Start of DATA BLOCK
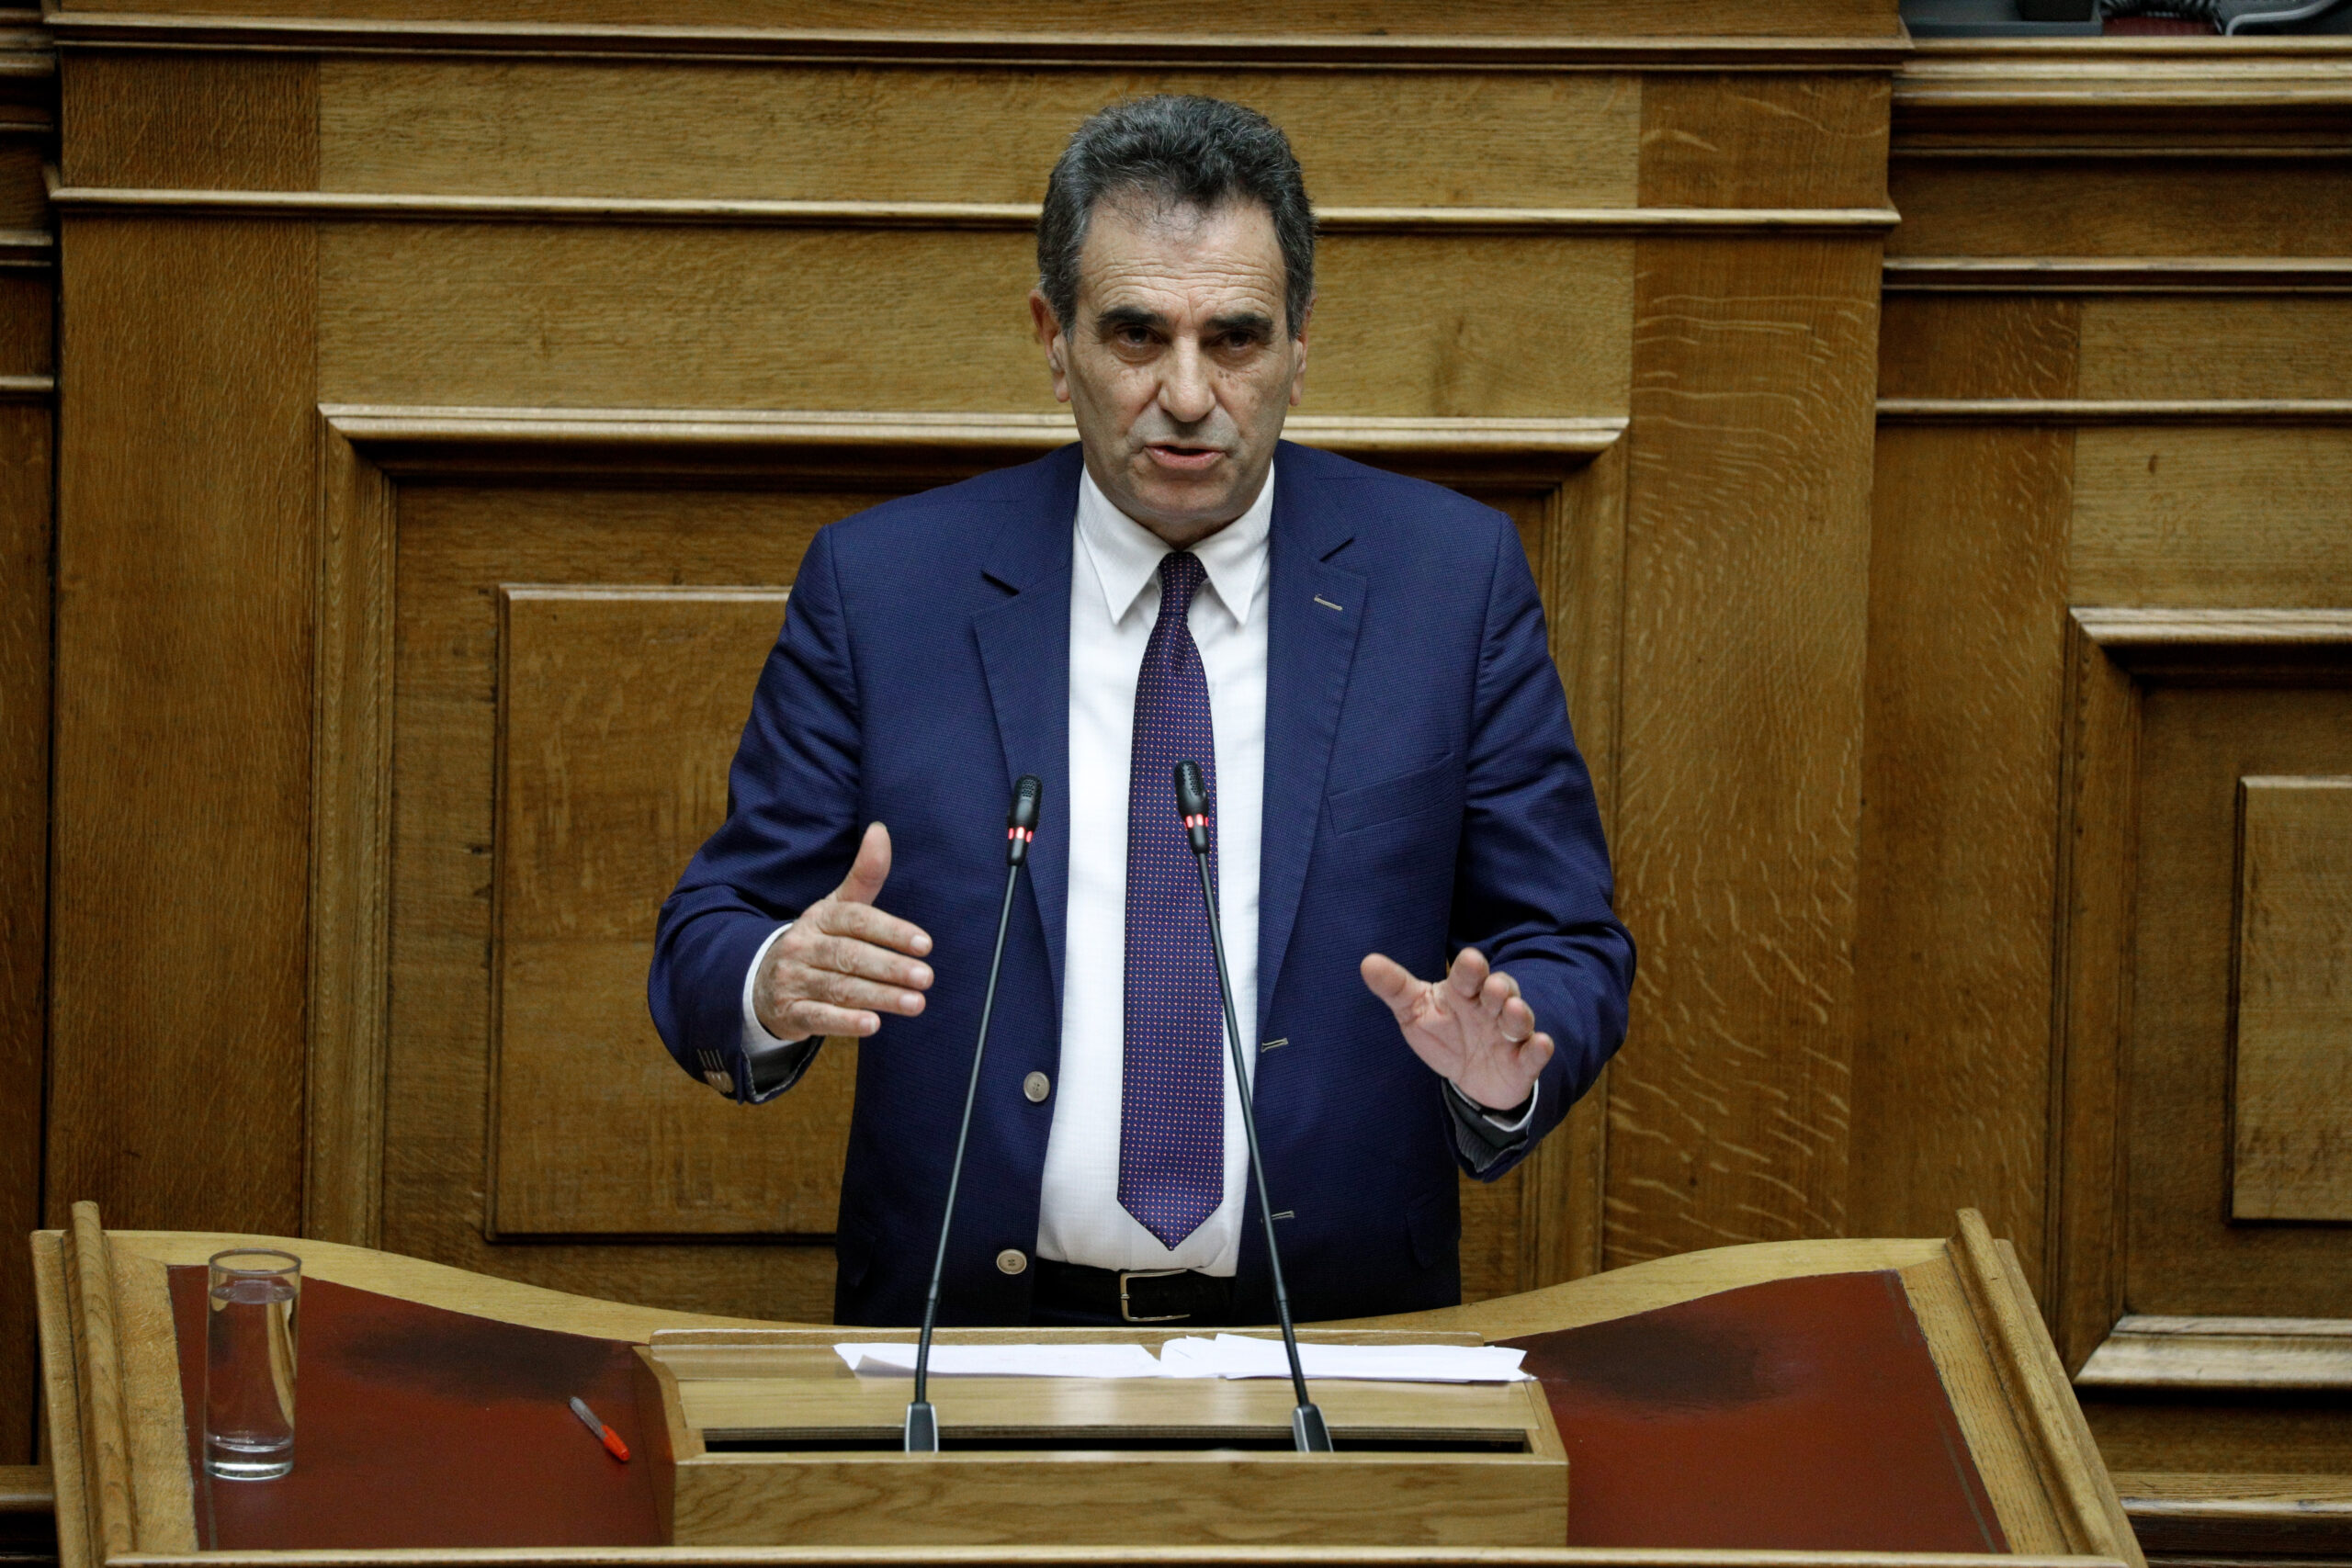 Σέρρες: Ο Θ. Λεονταρίδης (ΝΔ) παίρνει την έδρα του Κ. Καρπουχτσή (ΣΥΡΙΖΑ) – Με τέσσερις βουλευτές η ΝΔ στον Νομό
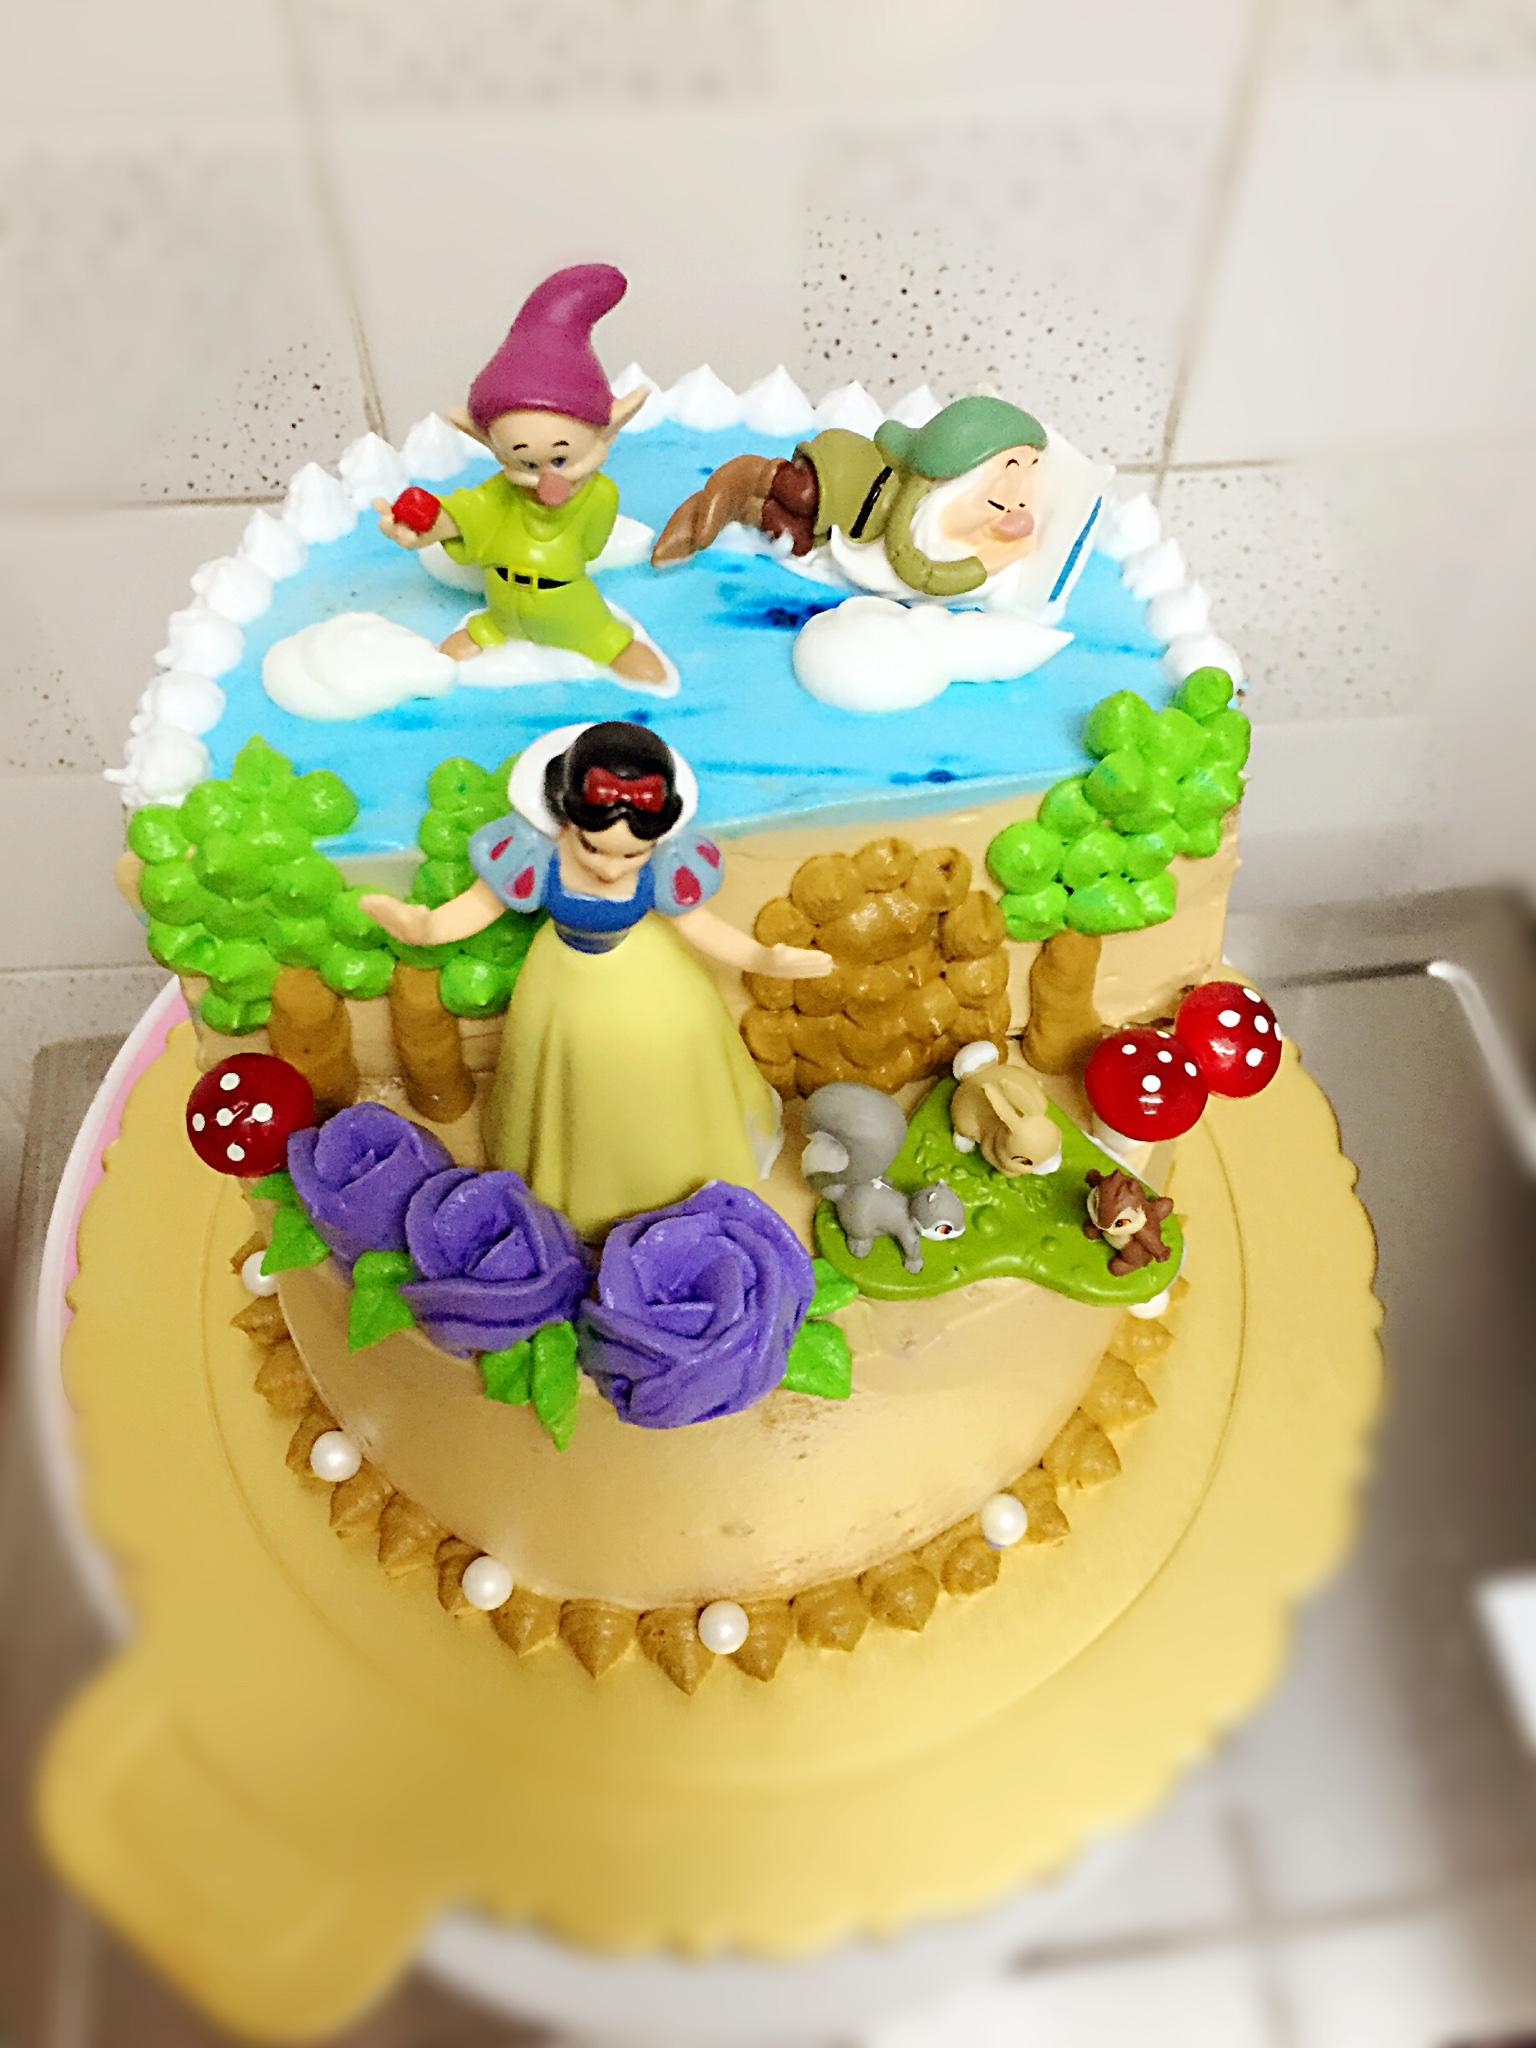 白雪公主生日蛋糕 公主场景蛋糕的做法
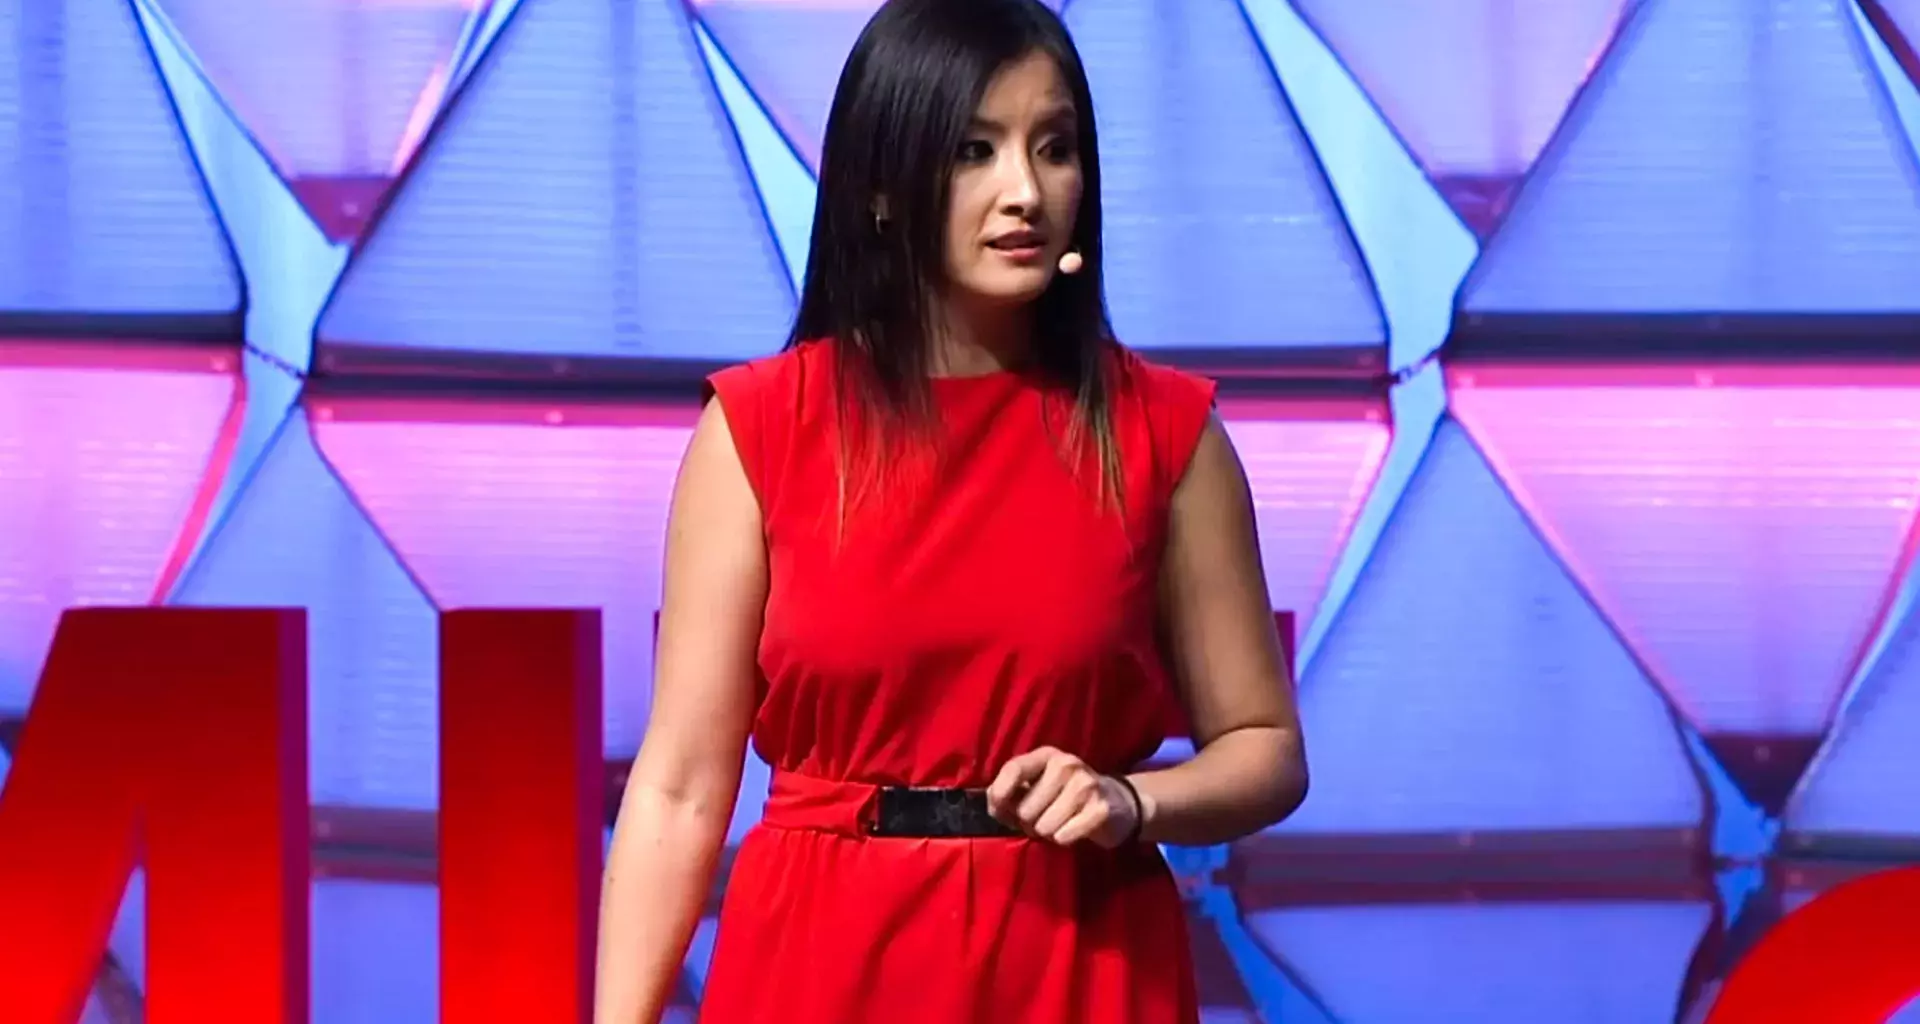 Alicia Chong desarrolló un sensor cardiaco para mujeres y fue reconocida por la iniciativa TED
End of DATA BLOCK
WORK REQUEST:
Apart from the pictures, every line of the material above is to be returned word for word.

OUTPUT OF THE EXERCISE:
 Σέρρες: Ο Θ. Λεονταρίδης (ΝΔ) παίρνει την έδρα του Κ. Καρπουχτσή (ΣΥΡΙΖΑ) – Με τέσσερις βουλευτές η ΝΔ στον Νομό
 白雪公主生日蛋糕 公主场景蛋糕的做法
 Alicia Chong desarrolló un sensor cardiaco para mujeres y fue reconocida por la iniciativa TED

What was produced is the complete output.